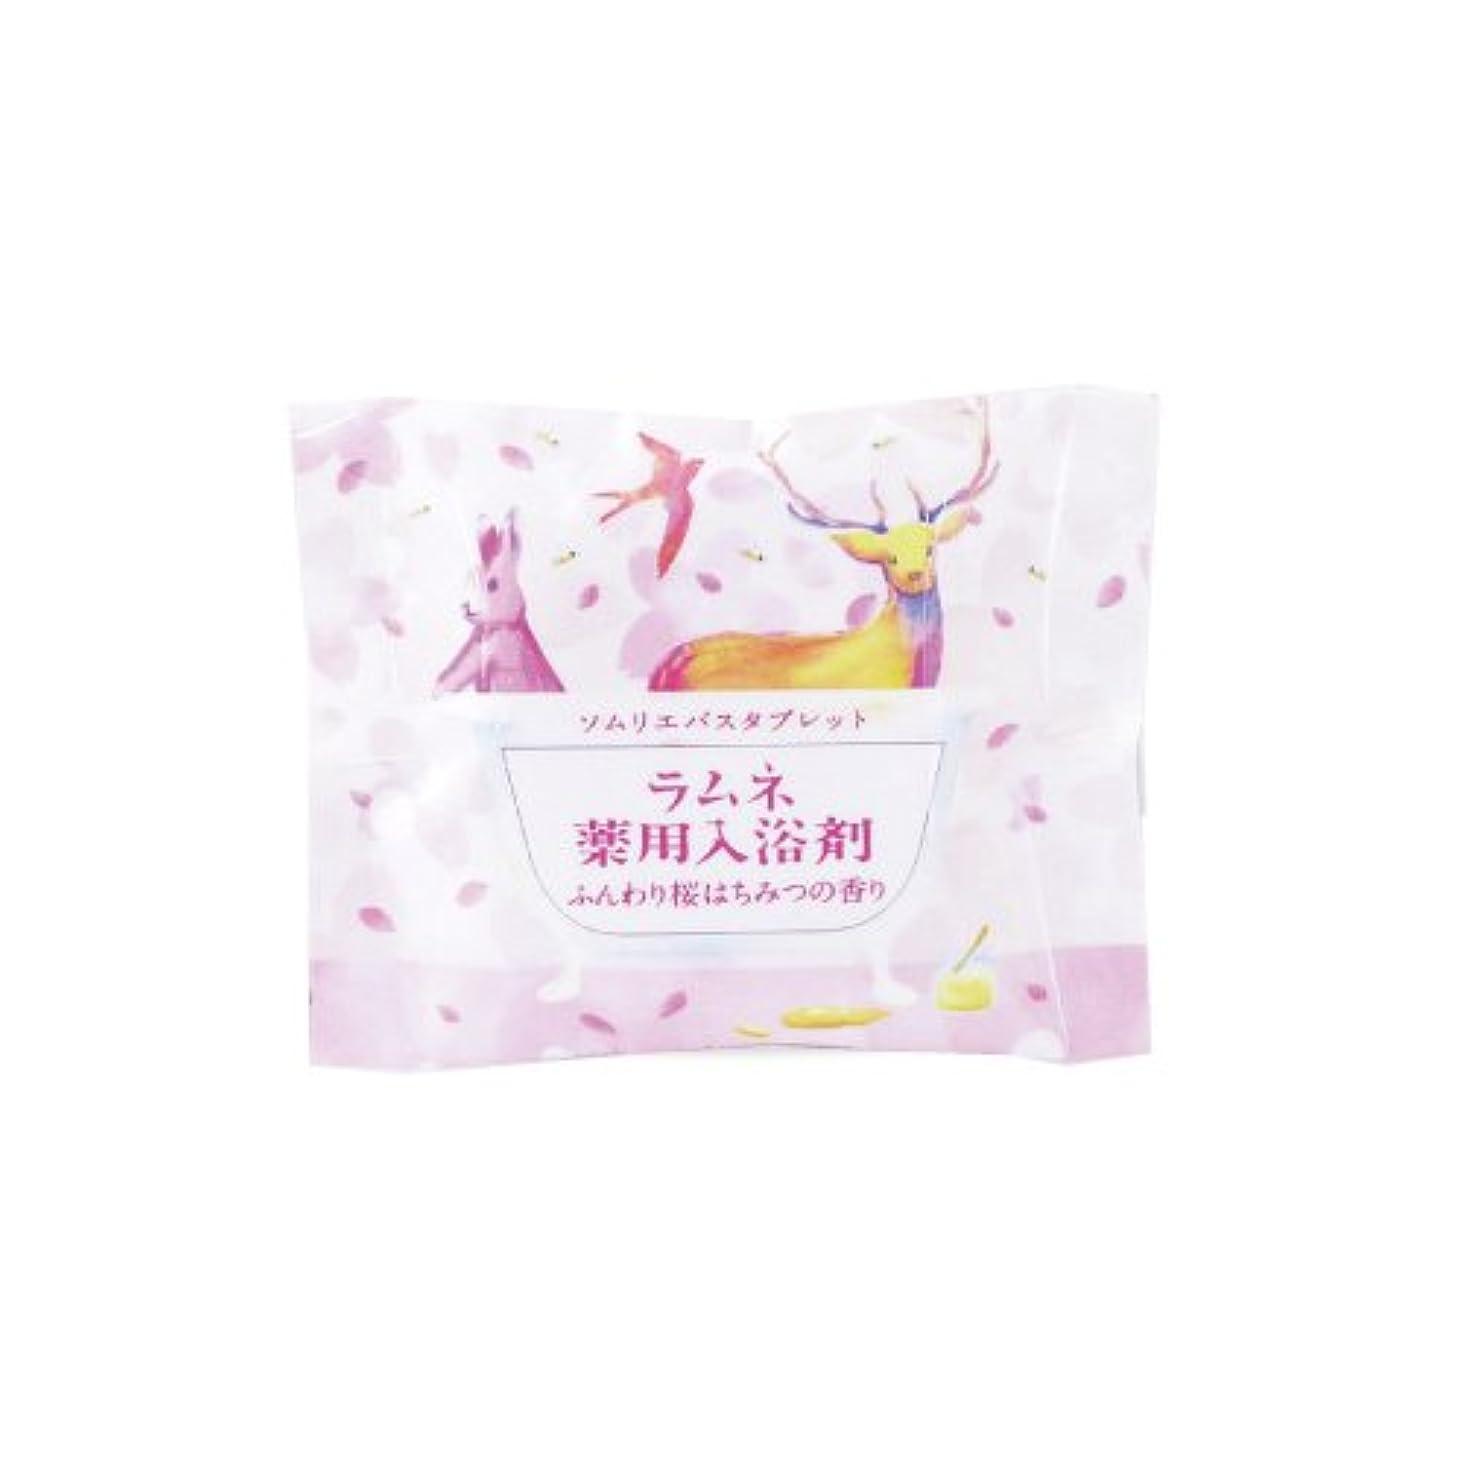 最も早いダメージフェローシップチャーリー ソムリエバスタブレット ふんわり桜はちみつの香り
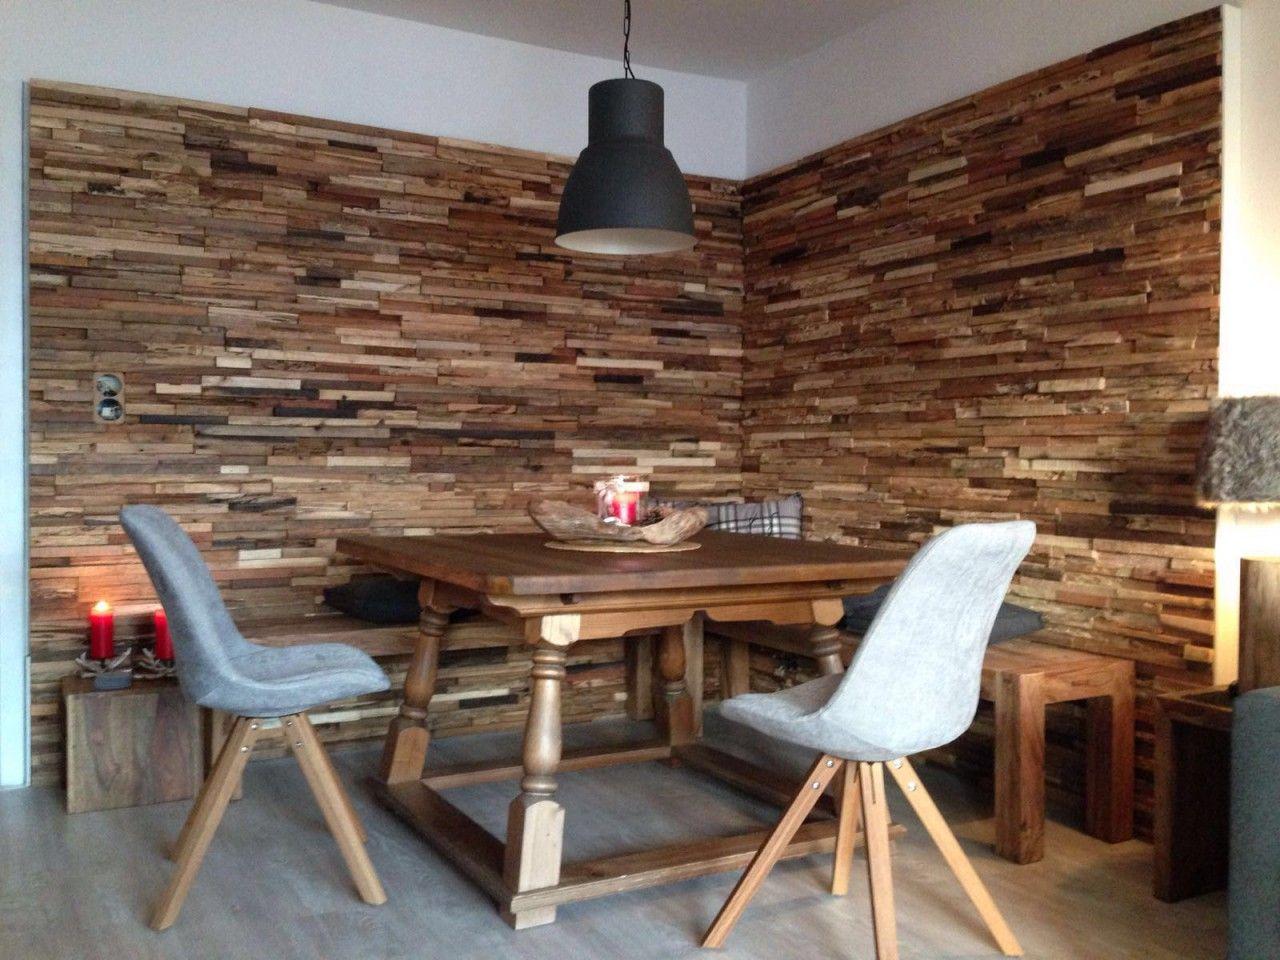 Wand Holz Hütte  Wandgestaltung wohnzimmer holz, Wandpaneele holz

###

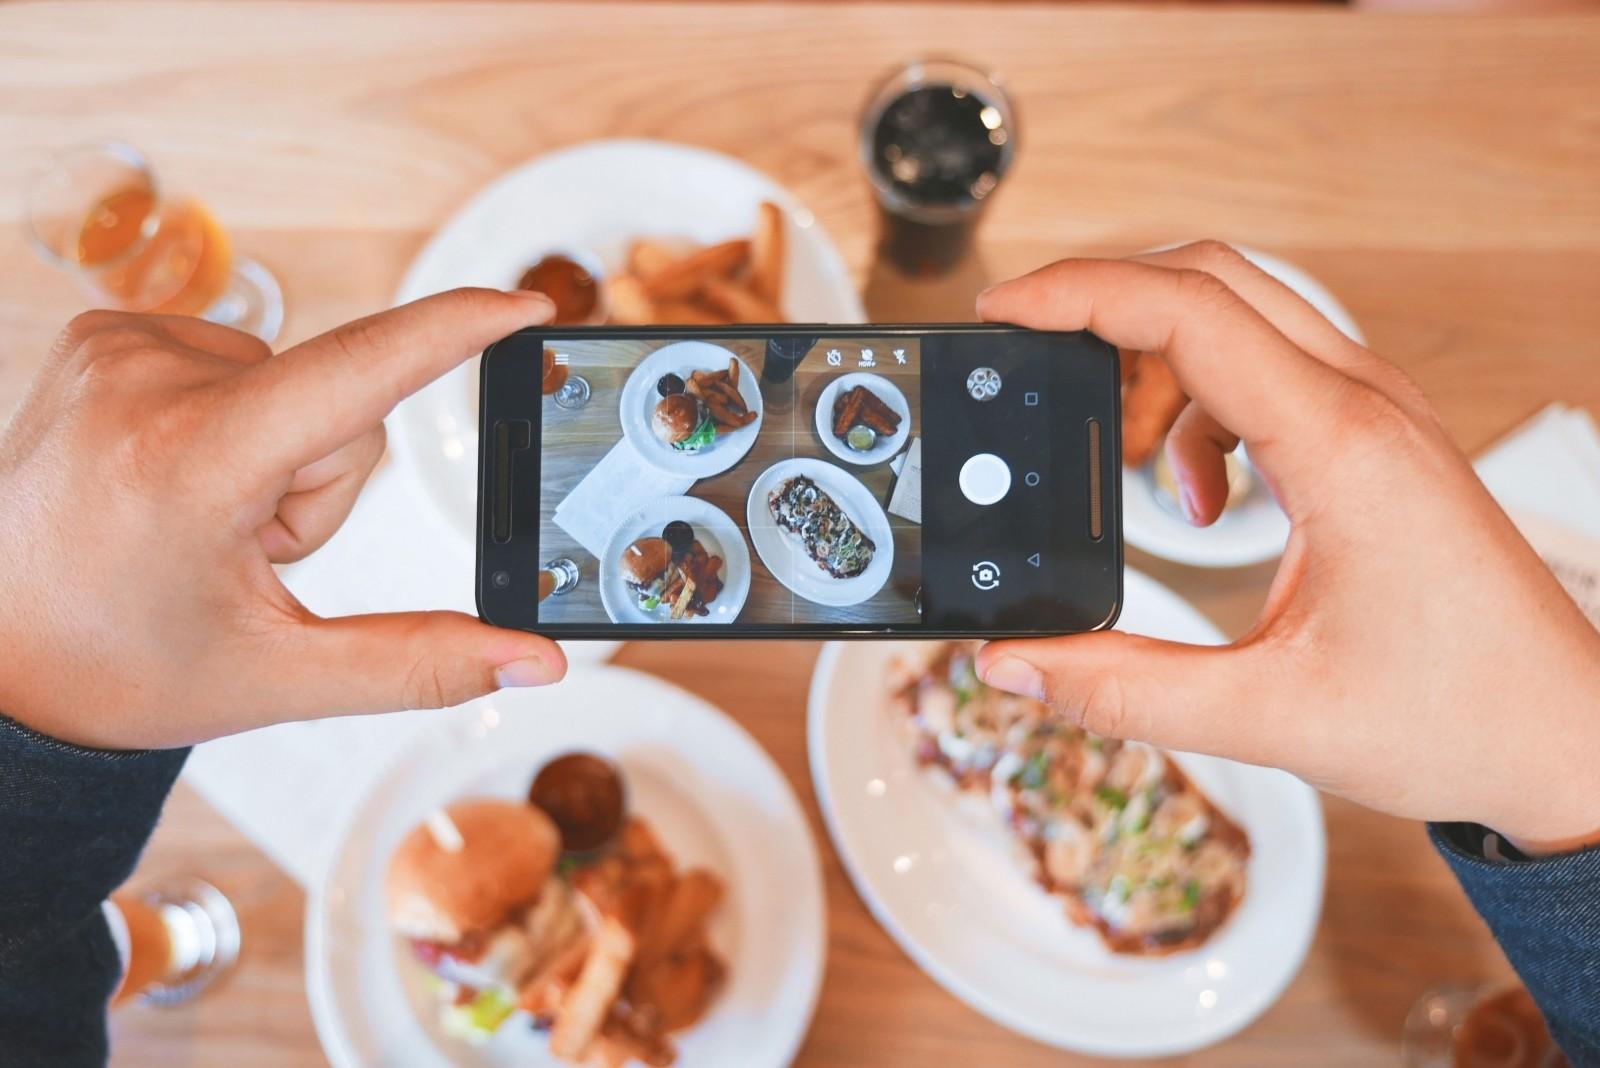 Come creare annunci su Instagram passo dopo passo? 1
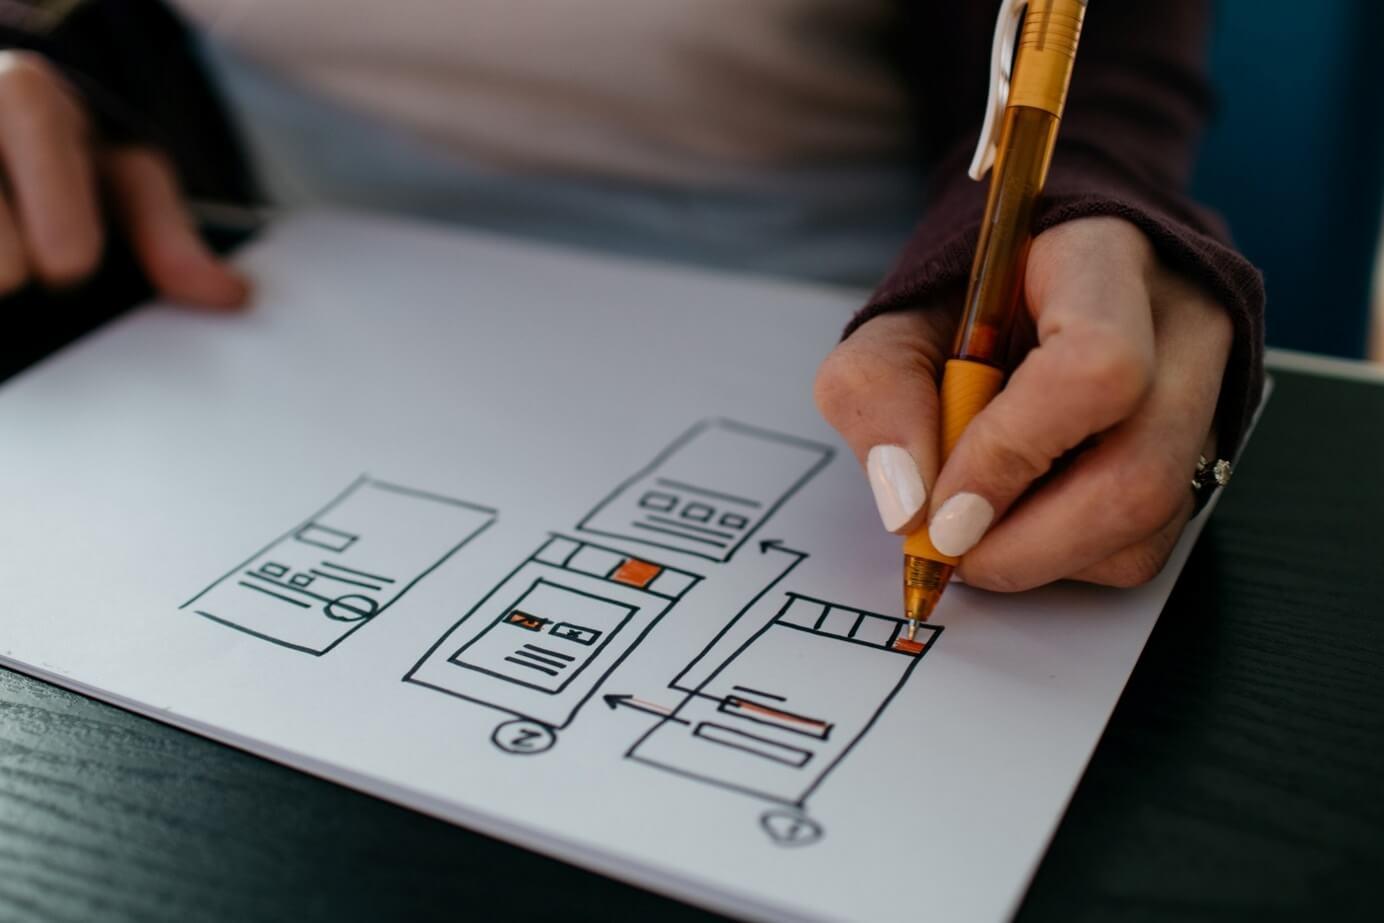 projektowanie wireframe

###

* **Task item**: Range to copy from the records above: the line containing "Come creare annunci" to the line containing "projektowanie wireframe", both included. Output those lines exactly and only those, skipping pictures.

* **Your response**:
 Come creare annunci su Instagram passo dopo passo? 1
 projektowanie wireframe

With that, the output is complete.